◆ **STORED DATA**:
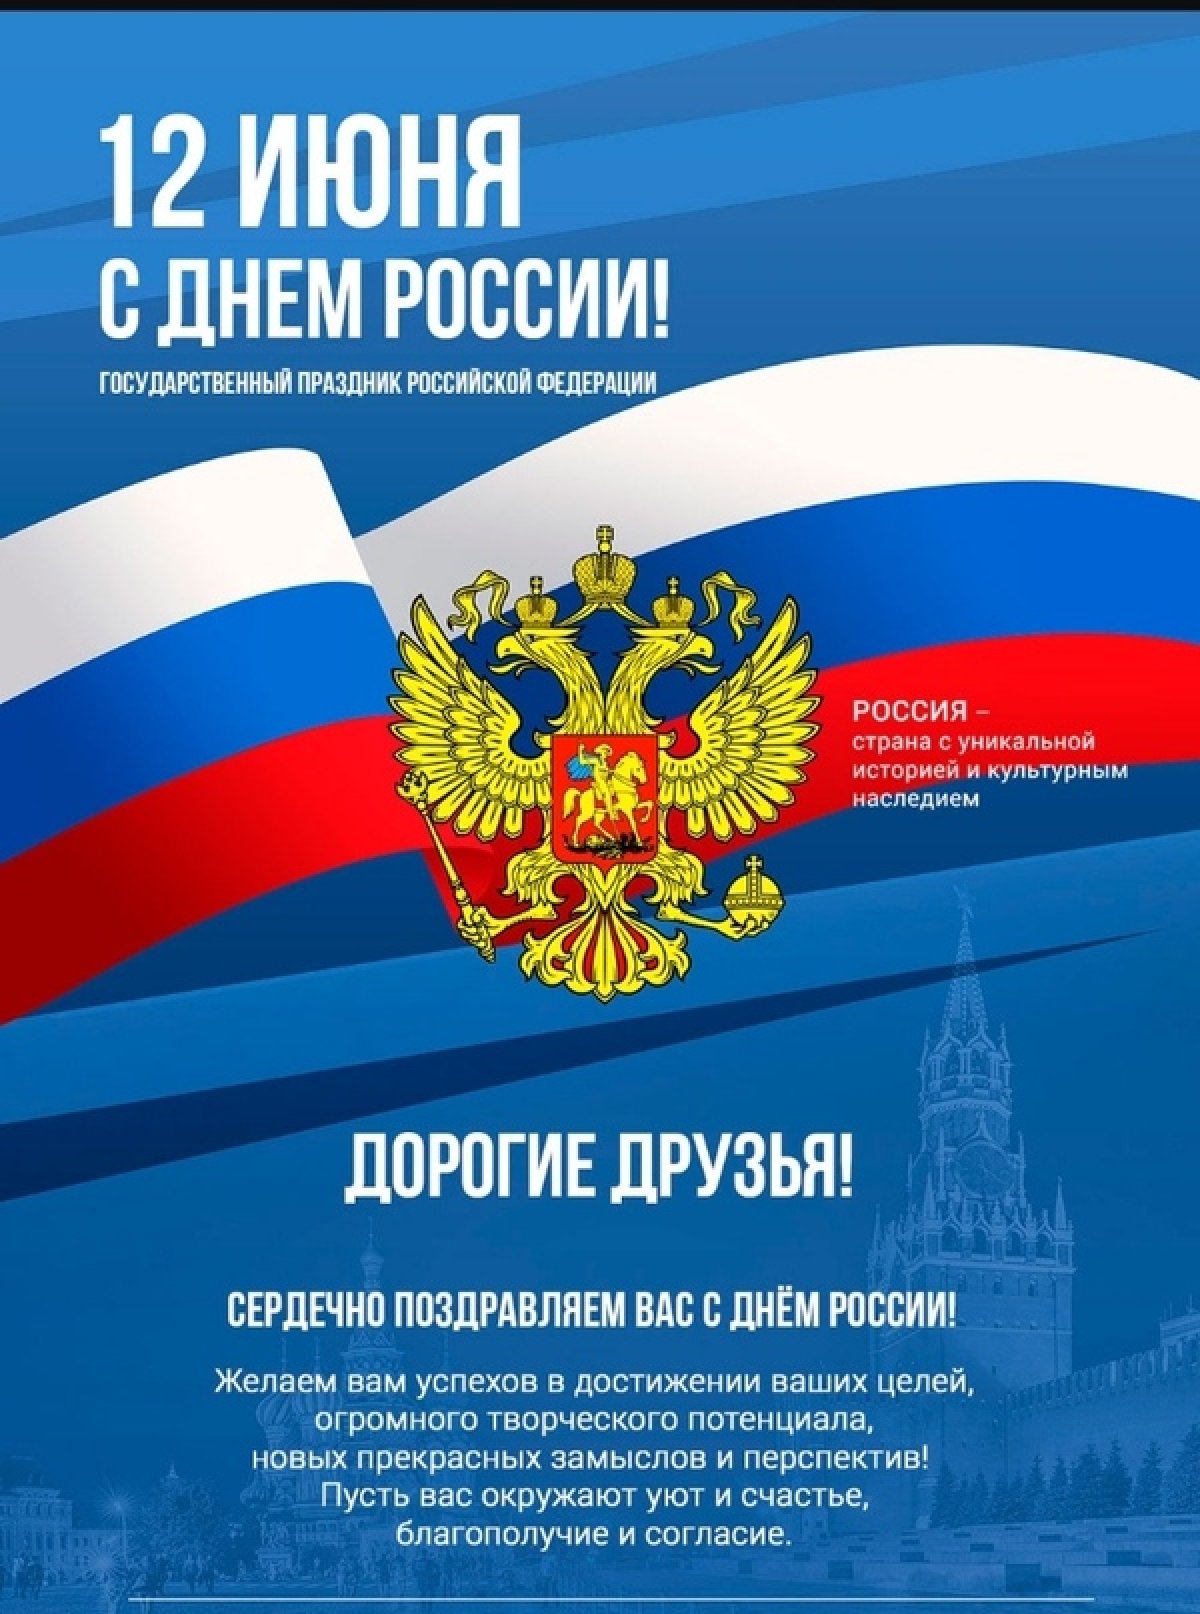 Поздравляем с Днем России! Величие и мощь нашей страны вызывает трепет и уважение. Пусть в душе каждого будет место для любви к своей Родине
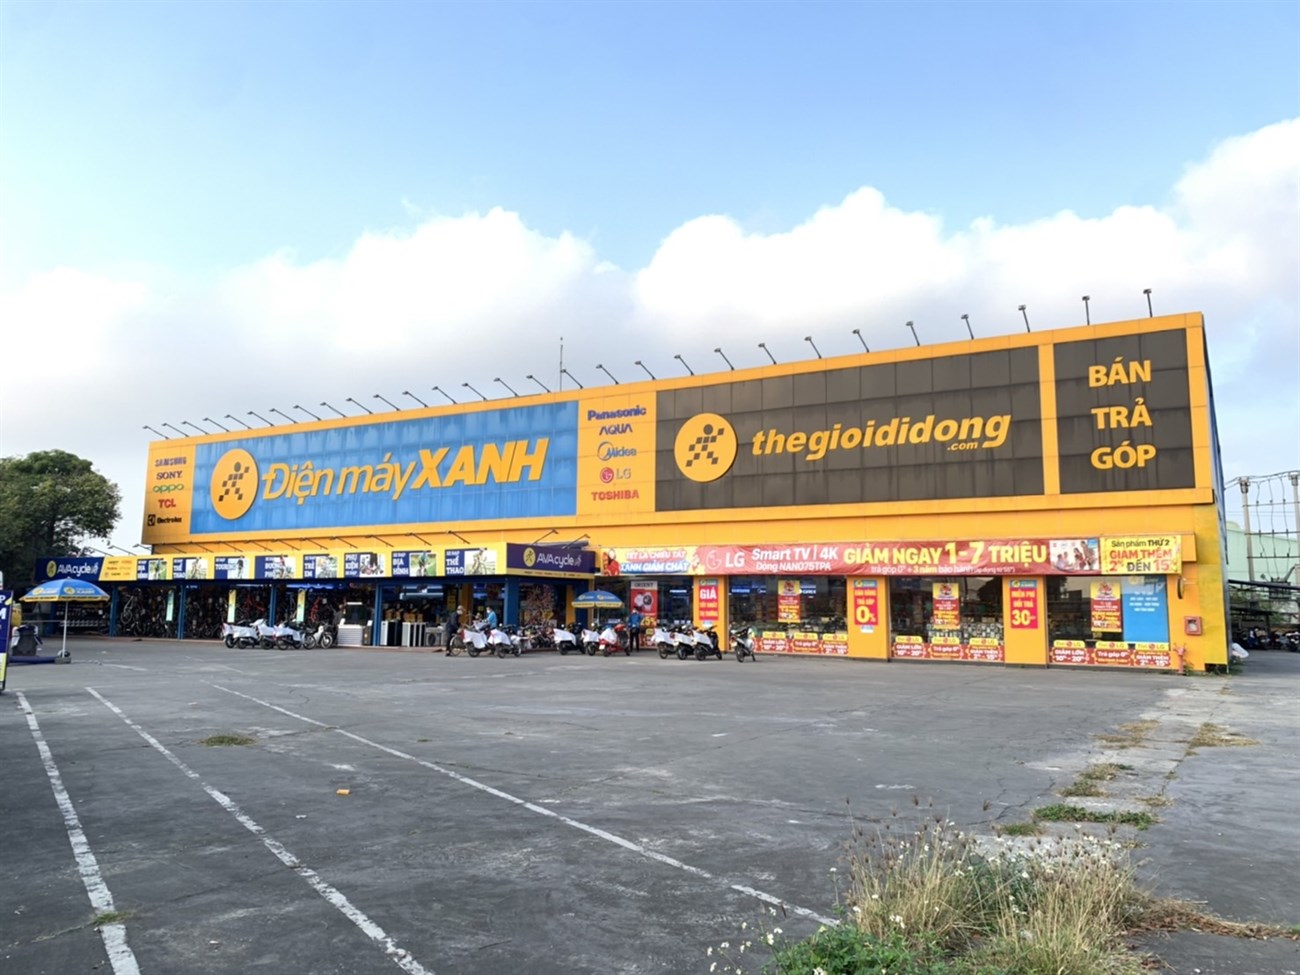 Điện máy XANH 107 Quốc Lộ 19 tại TP. Nam Định , Nam Định thông tin địa chỉ, số điện thoại
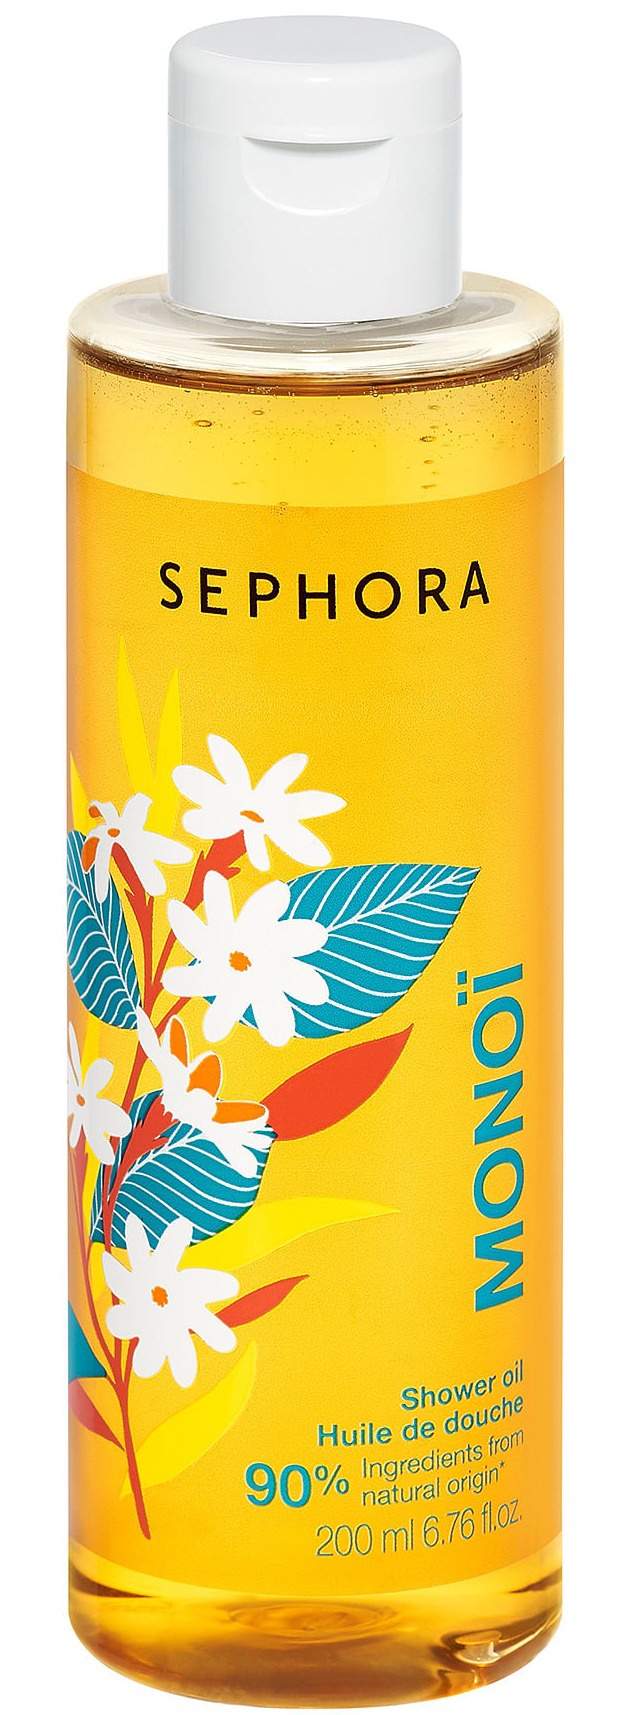 Sephora Shower Oil - Monoi
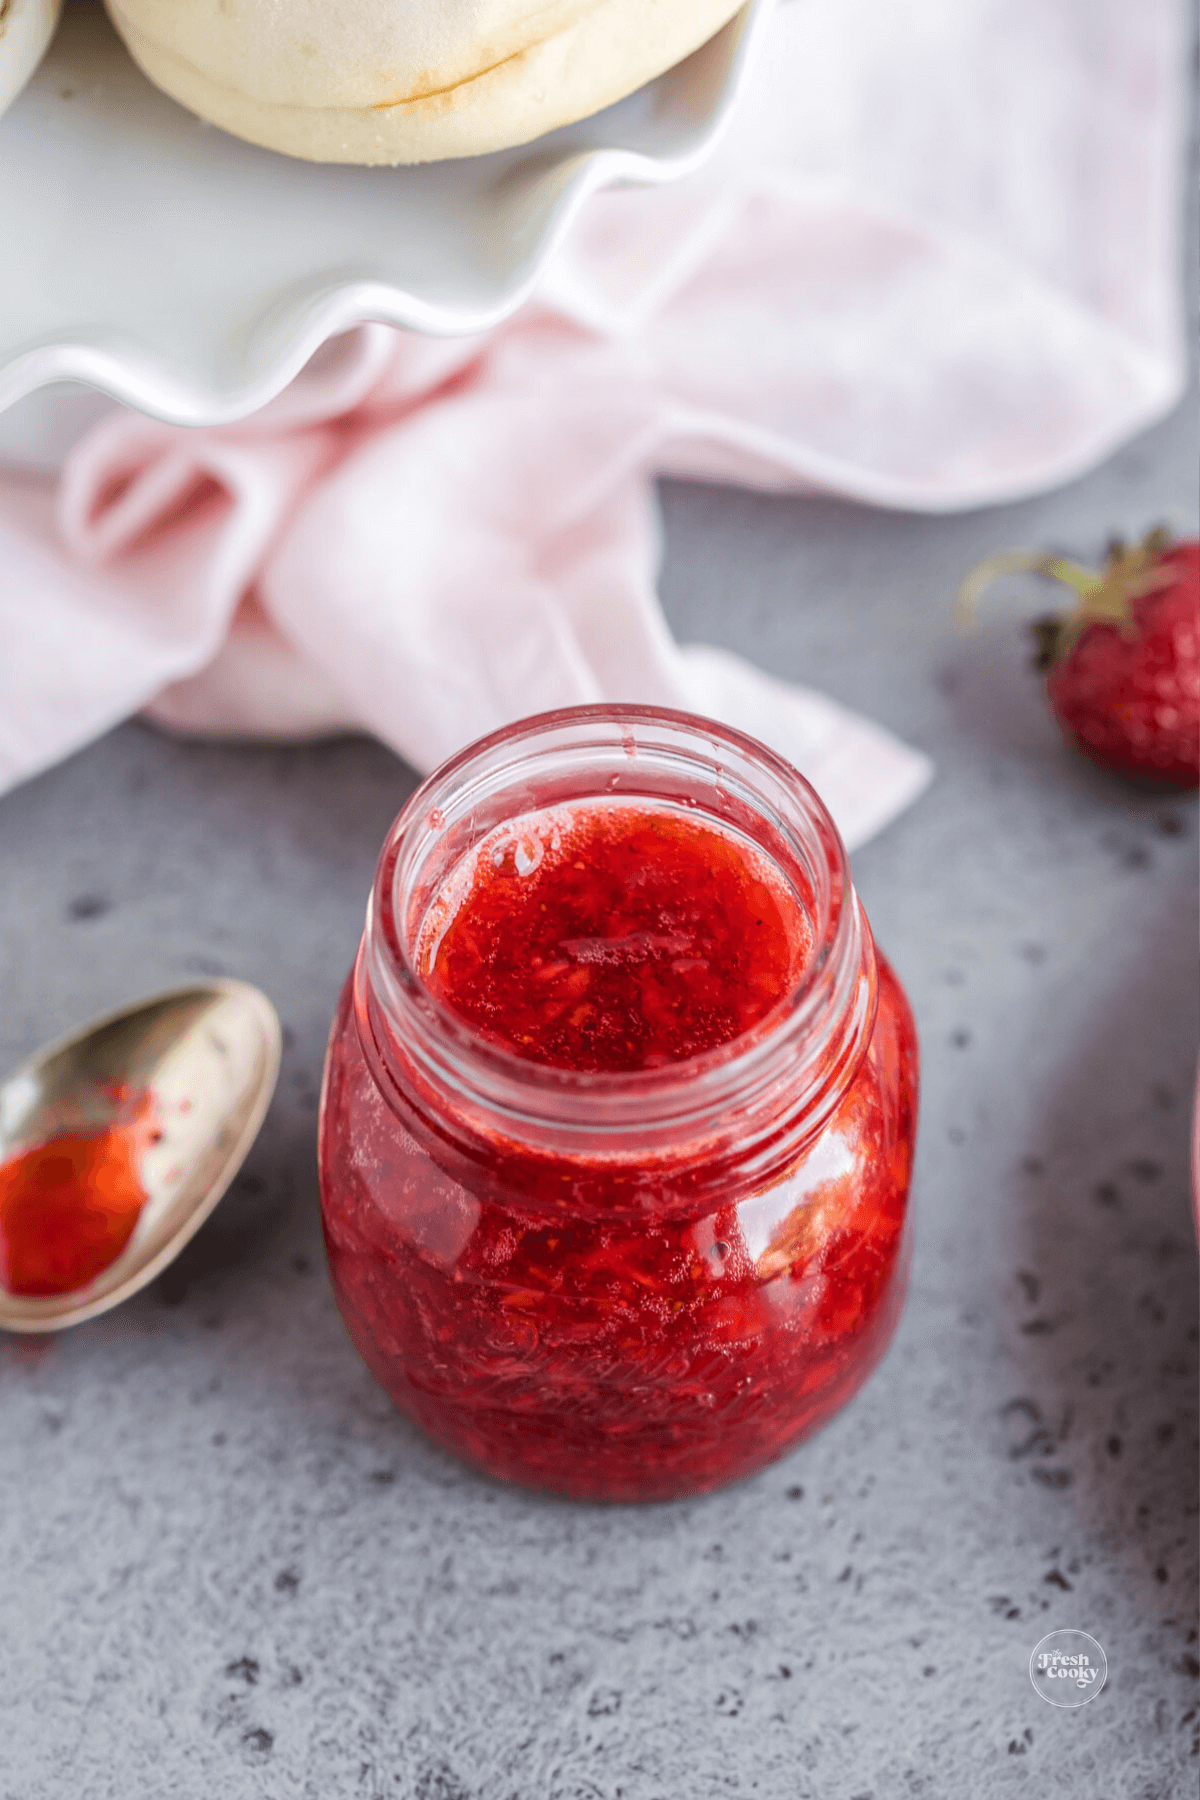 Strawberry freezer jam recipe in pretty jar.

◆ **EXERCISE REQUIREMENTS**:
After locating the line with "Sephora Shower Oil - Monoi", transcribe it and the rest of the data above exactly as written, without any picture.

◆ **RESPONSE BOX**:
 Sephora Shower Oil - Monoi
 Strawberry freezer jam recipe in pretty jar.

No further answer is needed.